An enlarged view of a rat dentate gyrus granule cell layer highlighting newly generated neurons

In searching for a potential new drug that would stimulate neurogenesis similar to the way Prozac and other drugs act on animal brains, BrainCells had screened 539 compounds on countless neural stem cells before coming across this one. The compound, now called BCI540, seemed to promote neurons with reasonable potency and was not toxic to cells. When Carter blocked the compound from acting, neurogenesis vanished. "Based on the antidepressants that have been run, we knew what we were looking for as to what would be a good antidepressant," he says.

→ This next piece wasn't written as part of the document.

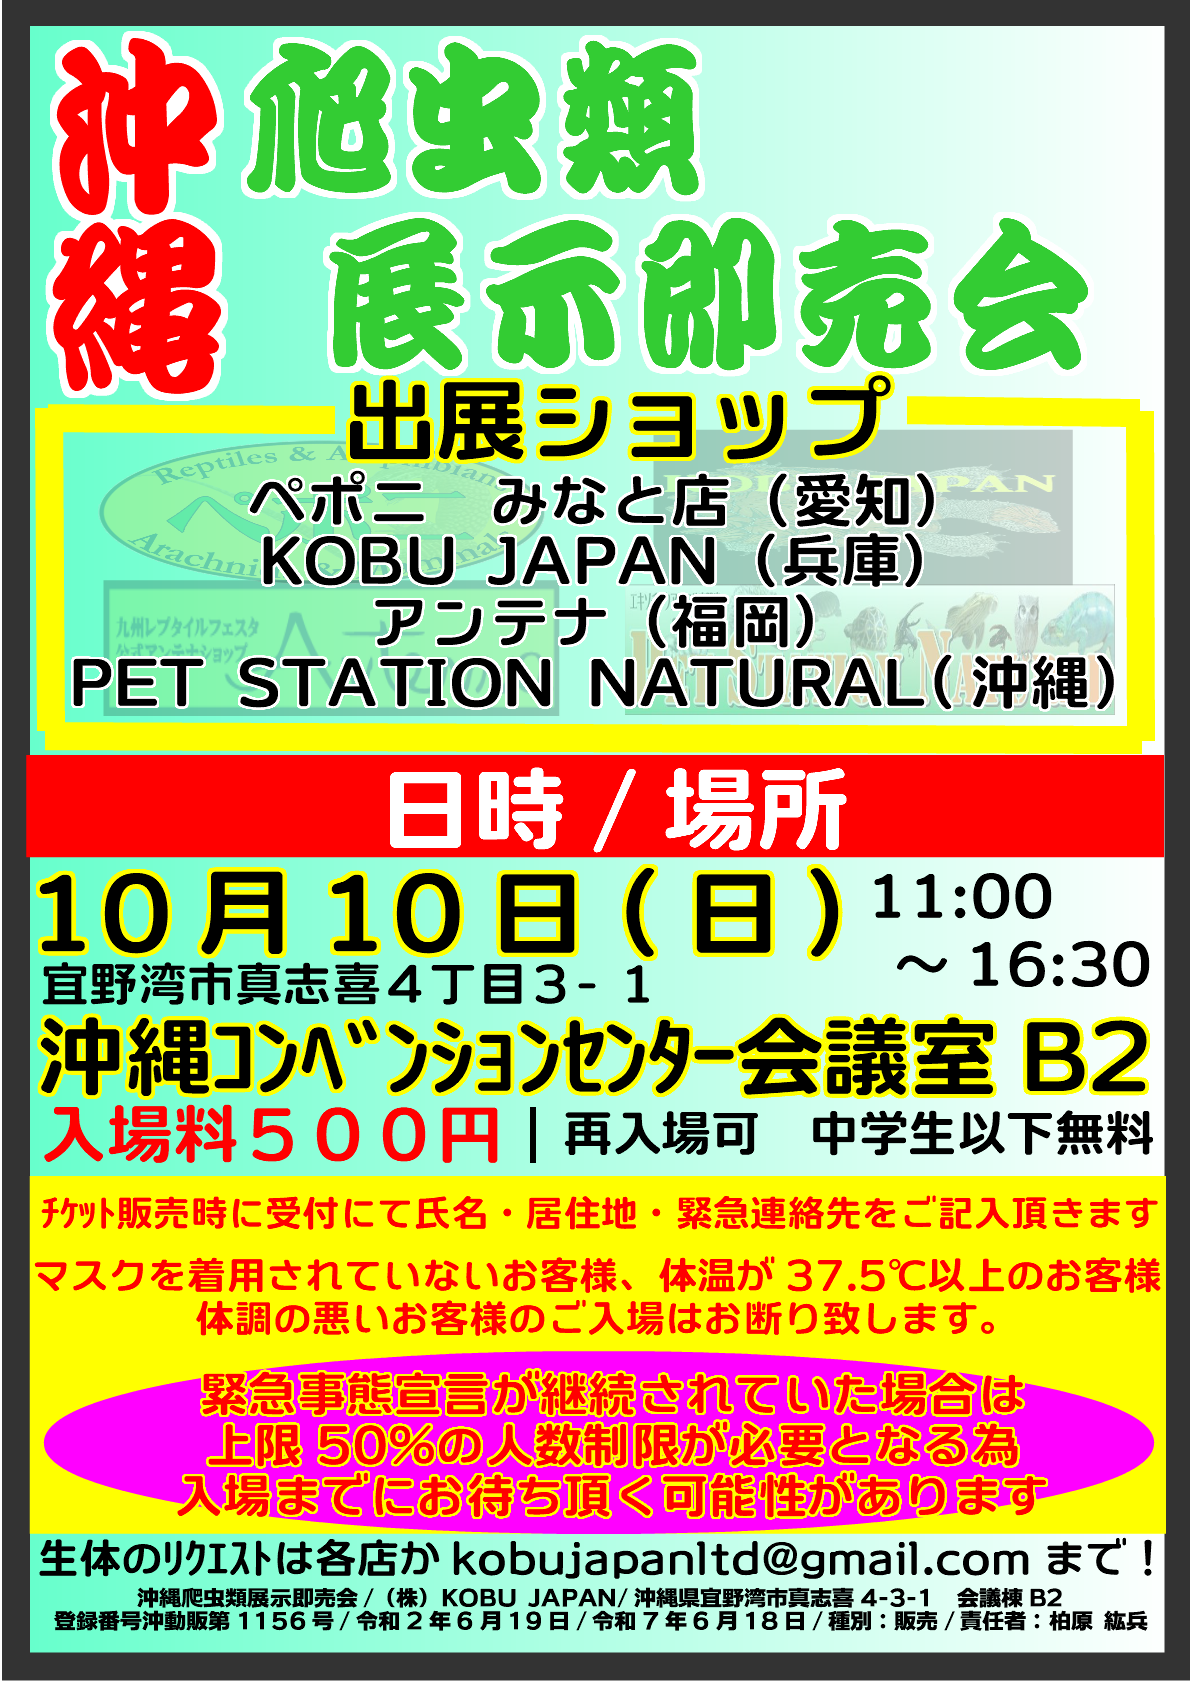 10/10沖縄イベント告知@みなとペポニ

Carter decided to probe the drug's mechanism, and on January 27, 2006, the data came back; the drug was unique, not acting on any of the same neurotransmitters that antidepressant drugs do. BrainCells' scientists gathered to review this latest bit of BCI540's data. Carter was thrilled by the compound's unique action. "It was really exciting to know this was real, and unique. [I said,] 'Let's get it in vivo'." He turned to his colleague Andrew Morse, the company's director of pharmacology, and said, "I think I know what you'll be working on for the next month."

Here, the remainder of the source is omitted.